Two or three hauls like that would also look after the living room and spare bedroom, and they would be set up for life. If they had a garden, or a front porch, a few midnight forays around the rich out-of-town “swimming-pool” residences would take care of the outdoor furniture, children’s heavy playthings, perhaps even the lawnmower and sprinklers.

Mrs. Phancey said that motels had no defense against this sort of attack. Everything was screwed down that could be screwed down, and marked with the name of the motel. The only hope was to smell the marauders when they registered and then either turn them away or sit up all night with a shotgun. In cities, motels had other problems—prostitutes who set up shop, murderers who left corpses in the shower, and occasional holdups for the money in the cash register. But I was not to worry. Just call for Jed if I smelled trouble. He could act real tough and he had a gun. And, with this cold comfort, I was left to ponder on the darker side of the motel industry.

Of course it all turned out perfectly all right and the job was no problem. In fact there was so little to do that I did rather wonder why the Phanceys had bothered to take me on. But they were lazy, and it wasn’t their money they were paying me, and I guessed that part of the reason was that Jed thought he had found himself an easy lay. But that also was no problem. I just had to dodge his hands and snub him icily on an average of once a day and hook a chair under the door-handle when I went to bed to defeat the pass-key he tried on my second night.

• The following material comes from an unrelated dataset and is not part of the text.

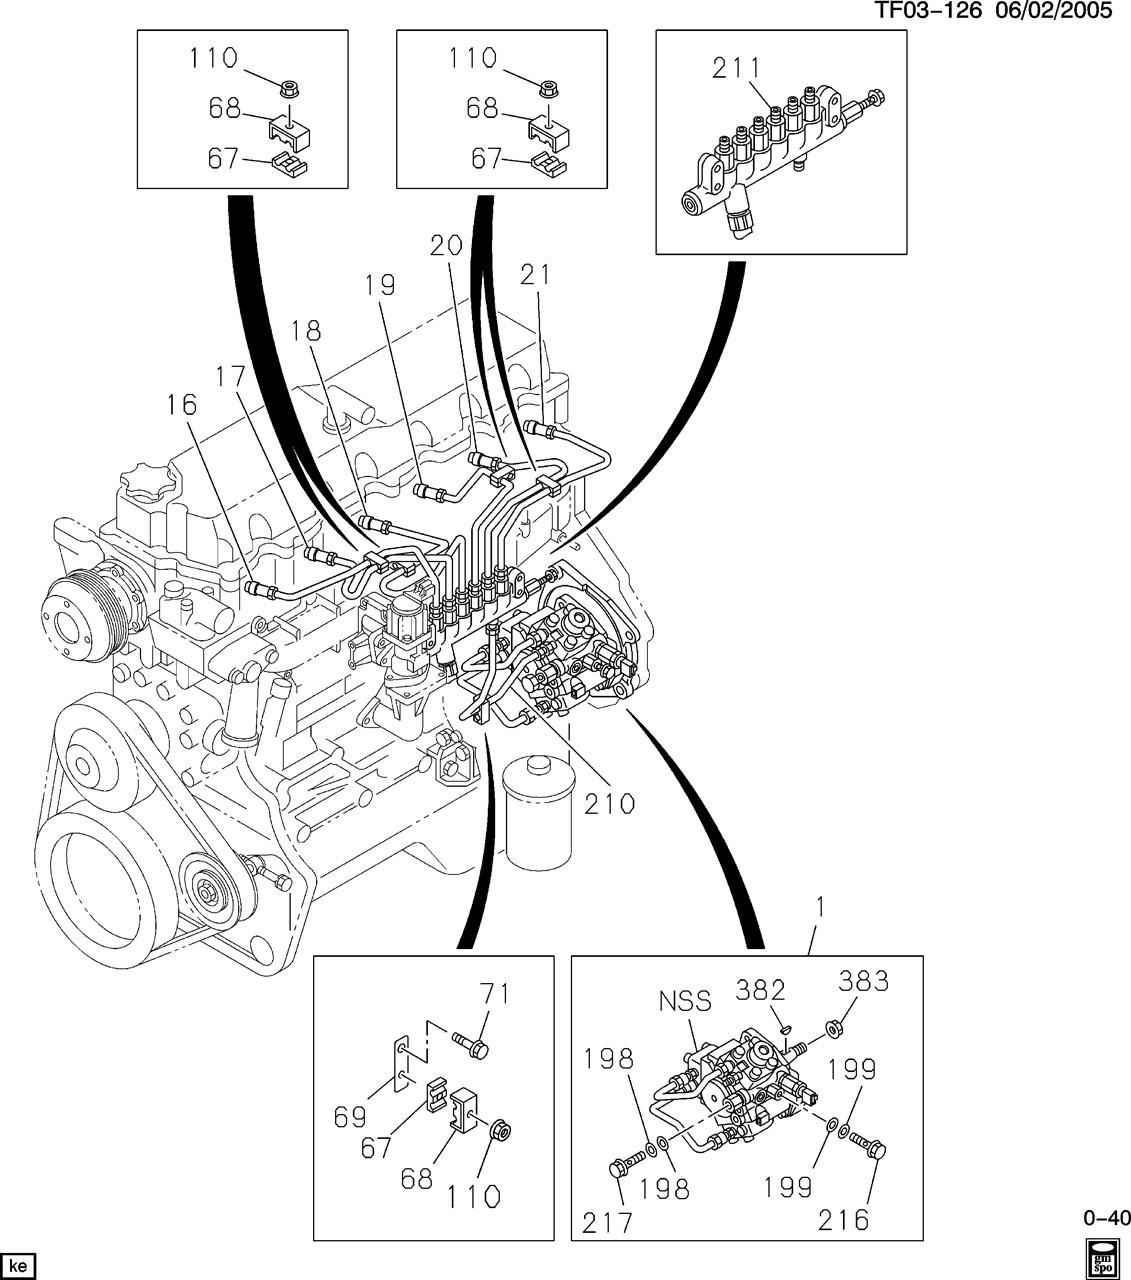 [WLLP_2054]   HB_0532] Farmtrac Tractor Alternator Wiring Diagram Schematic Wiring   Farmtrac Tractor Alternator Wiring Diagram      Phil Cran Trofu Pead Phae Mohammedshrine Librar Wiring 101

We had a few overnighters in the first week, and I found that I was expected to lend a hand with the housekeeping, but that too was all right with me, and anyway the customers slacked off, until, after October tenth there wasn’t a single one.

Apparently October fifteenth is a kind of magical date in this particular holiday world. Everything closes down on that day, except along the major highways. It is supposed to be the beginning of winter. There is the hunting season coming up, but the rich hunters have their own hunting clubs and camps in the mountains, and the poor ones take their cars to one or another of the picnic areas and climb up into the forests before dawn to get their deer. Anyway, around October fifteenth the tourists disappear from the scene and there is no more easy money to be made in the Adirondacks.